Step 5: Item Reduction: Ensuring the Scale Is Parsimonious
  • No item had an over 10% missing rate for the overall sample, missing data replaced by median due to data skewess and low frequency

  • Classical test theory (CTT) to select items based on interitem correlations. Using a cut-off of 0.3, 6 items were further dropped as they have very low correlations

Step 6: Extraction of Factors: Exploring the Number of Latent Constructs that Fit Your Observed Data
  • Kaiser-Meyer-Olkin (KMO) measure of sampling adequacy (high 0.97) and Bartlett’s test significant for fitness of factor analysis

  • Exploratory factor analysis conducted on remaining factors, with six factors explaining 90% of variance.

  • 32 items were removed due to cross-loading, leaving a final 50-item scale

Phase 3: Scale evaluation
Step 7: Tests of Dimensionality: Testing if Latent Constructs Are as Hypothesised
  • Confirmatory factor analysis on the sample showed CFI (0.89) is less than satisfactory while RMSEA (0.05) and SRMR (0.05) are satisfactory

  • Multigroup confirmatory factor analysis for measurement equivalence suggested that model fitted poor for configural invariance. Therefore, there is difference in terms of factor loading across different countries. This could be due to various reasons including adequate but still small sample size, cross-loading of items, etc

Step 8: Tests of Reliability: Establishing if Responses Are Consistent When Repeated
  • Cronbach’s alpha is a measure of internal consistency; how closely items are related within a group. For the overall final scale items was 0.95 (excellent) and ranged from 0.74 (acceptable) to 0.93 (excellent) for the six identified factors. The scale-specific and factor-specific alpha results were similar for most countries.

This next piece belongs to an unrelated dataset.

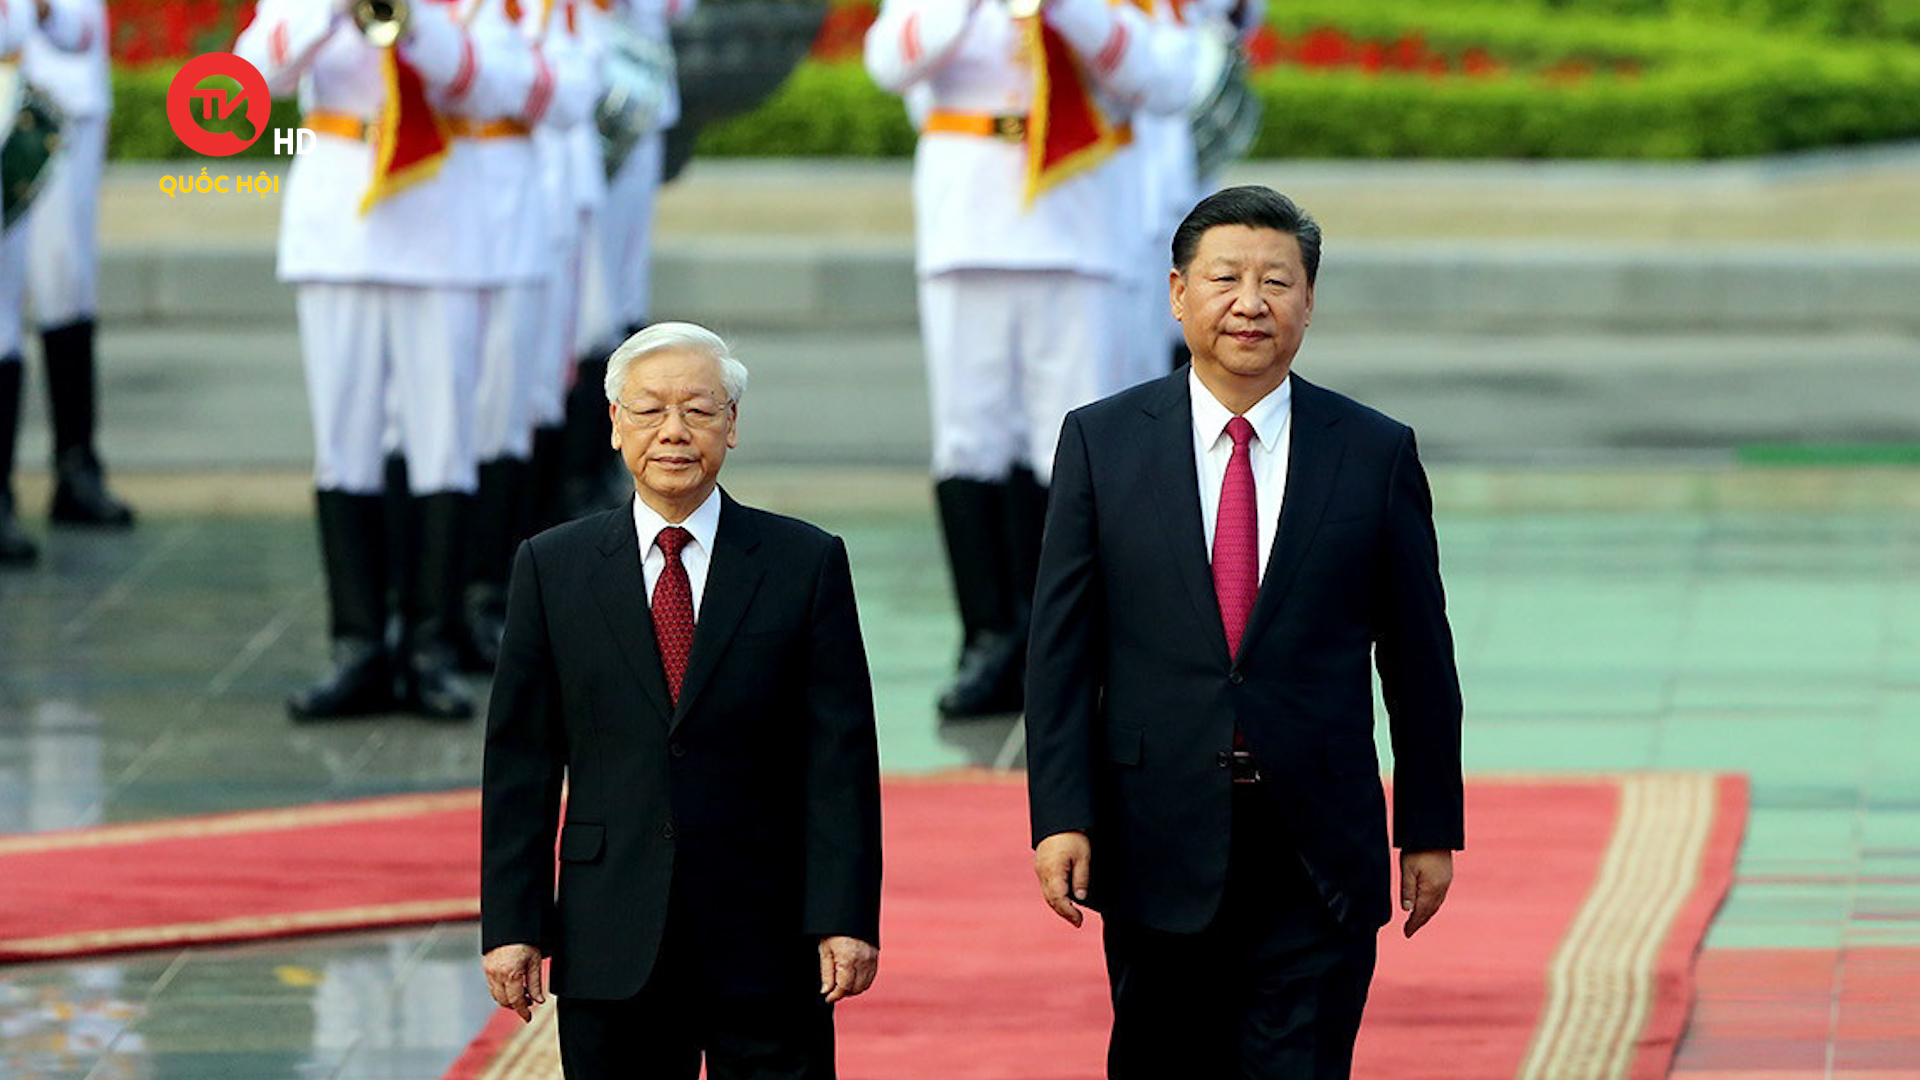 Tổng Bí thư Nguyễn Phú Trọng cùng đoàn lãnh đạo lên đường thăm chính thức Trung Quốc

Step 9: Tests of Validity: Ensuring You Measure the Latent Dimension You Intended
  • We examined the validity of MIES in line with Cook’s recommendation

  • Content validity of MIES was ensured as the item development process included a scoping review to identify relevant tools, as well as content validity discussions with both the target population and an expert panel

  • Response process refers to how well the respondents’ response aligns with the intended construct, and we used cognitive interviews as part of pilot testing to ensure that respondents understand the items as we designed

  • Evidence on the internal structure of the scale derived from internal consistency and factor structure analysis

  • We do not yet have evidence on relations to other variables and consequences for MIES scale, but the tool could be used in the future to identify hospitals that trained interns with poorer internship experience and further improve internship training environment

  • CFI, comparative fit index; RMSEA, root mean square error of approximation; SRMR, standard root mean square residual.